Schweres Spiel für Levnaic-Truppe

Von gewissem Reiz ist auch die Begegnung zwischen Sachsenligist SG Taucha und dem Oberliga-neunten Inter Leipzig. Die Gastgeber sind derzeit das beste landesliga-Team aus dem Leipziger „Sprengel“, nach dem überzeugenden 4:0-Sieg in Riesa belegen die Männer von Trainer Marcus Jeckel Rang sieben. Inter musste hingegen unterlag zuletzt in Rudolstadt knapp 0:1, ohne schlecht gespielt zu haben.

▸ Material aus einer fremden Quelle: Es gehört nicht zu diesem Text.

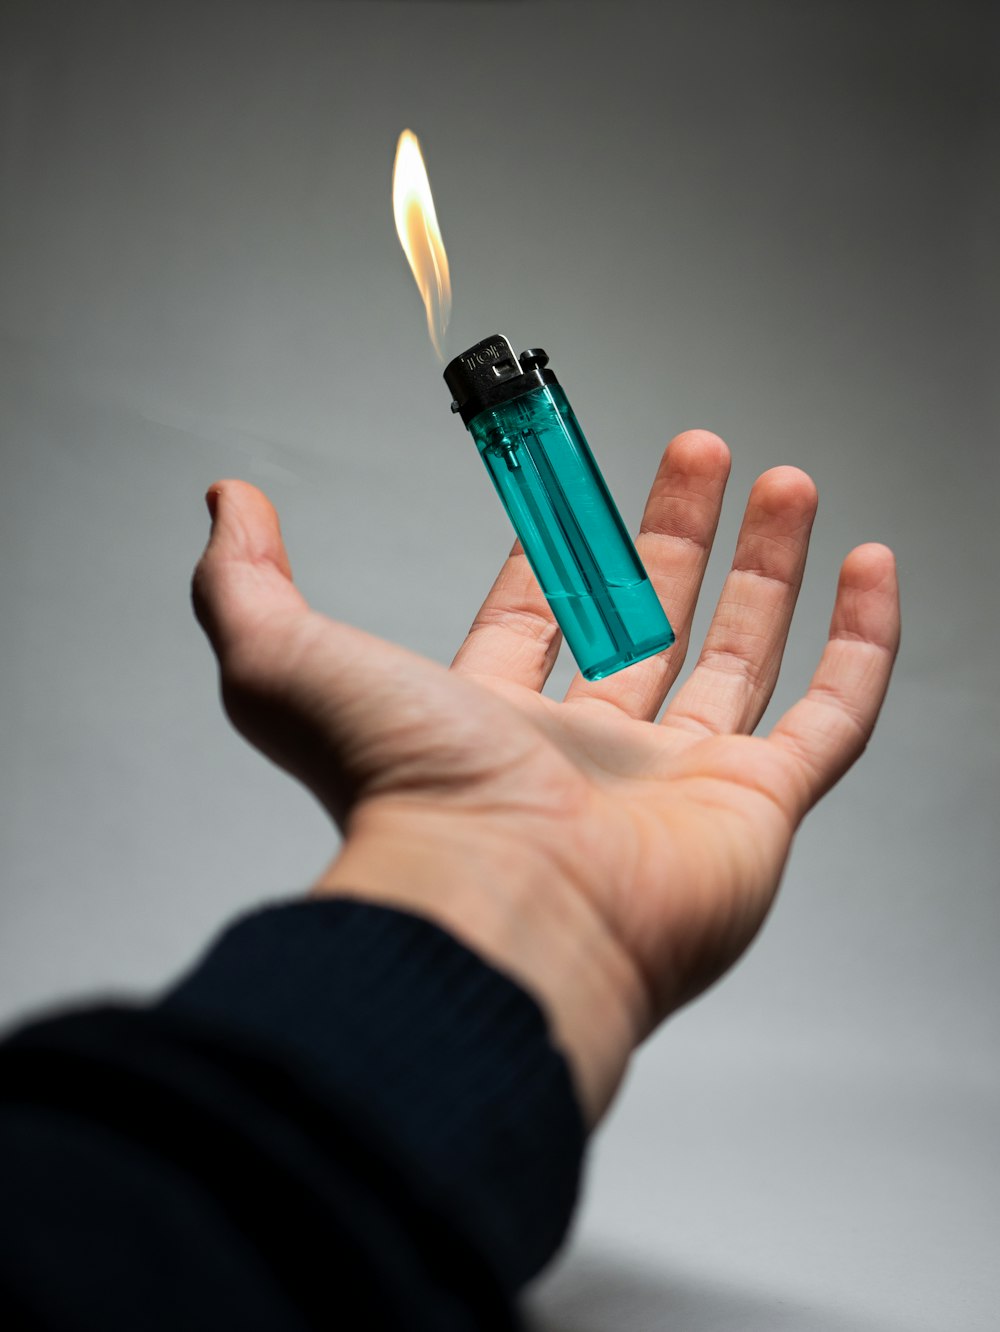 At understrege Afslut Forkludret Cigarette Lighter Pictures | Download Free Images on Unsplash

Die Gäste sind pro forma natürlich Favorit, doch die Tauchaer wittern ihre Chancen. „Wir sind in einer Phase, in der wir mutig spielen“, stellt Coach Marcus Jeckel selbstbewusst fest, relativiert aber mit Bezug zum Match gegen Inter: „Wir wissen freilich, dass wir am Sonnabend eine stabile Abwehr brauchen.“ Außerdem seien einige Akteure angeschlagen. Und Paul Lehmann, der in Riesa zweimal traf, weilt im Urlaub.

Inter-Trainer Zoran Levnaic hat seine Stammspieler fast alle dabei, der Einsatz von Abwehrspieler Robin Glänzel ist verletzungsbedingt jedoch noch fraglich. „Wir müssen aufpassen, es wird sicher ein schweres Spiel“, glaubt Levnaic, „aber wenn wir unser Spiel auf den Platz bringen, werden wir weiterkommen.“ Der Oberliga-Zweite FC Eilenburg tritt am Sonntag beim Dresdner Stadtoberligisten SG Weißig (drei Klassen tiefer) an.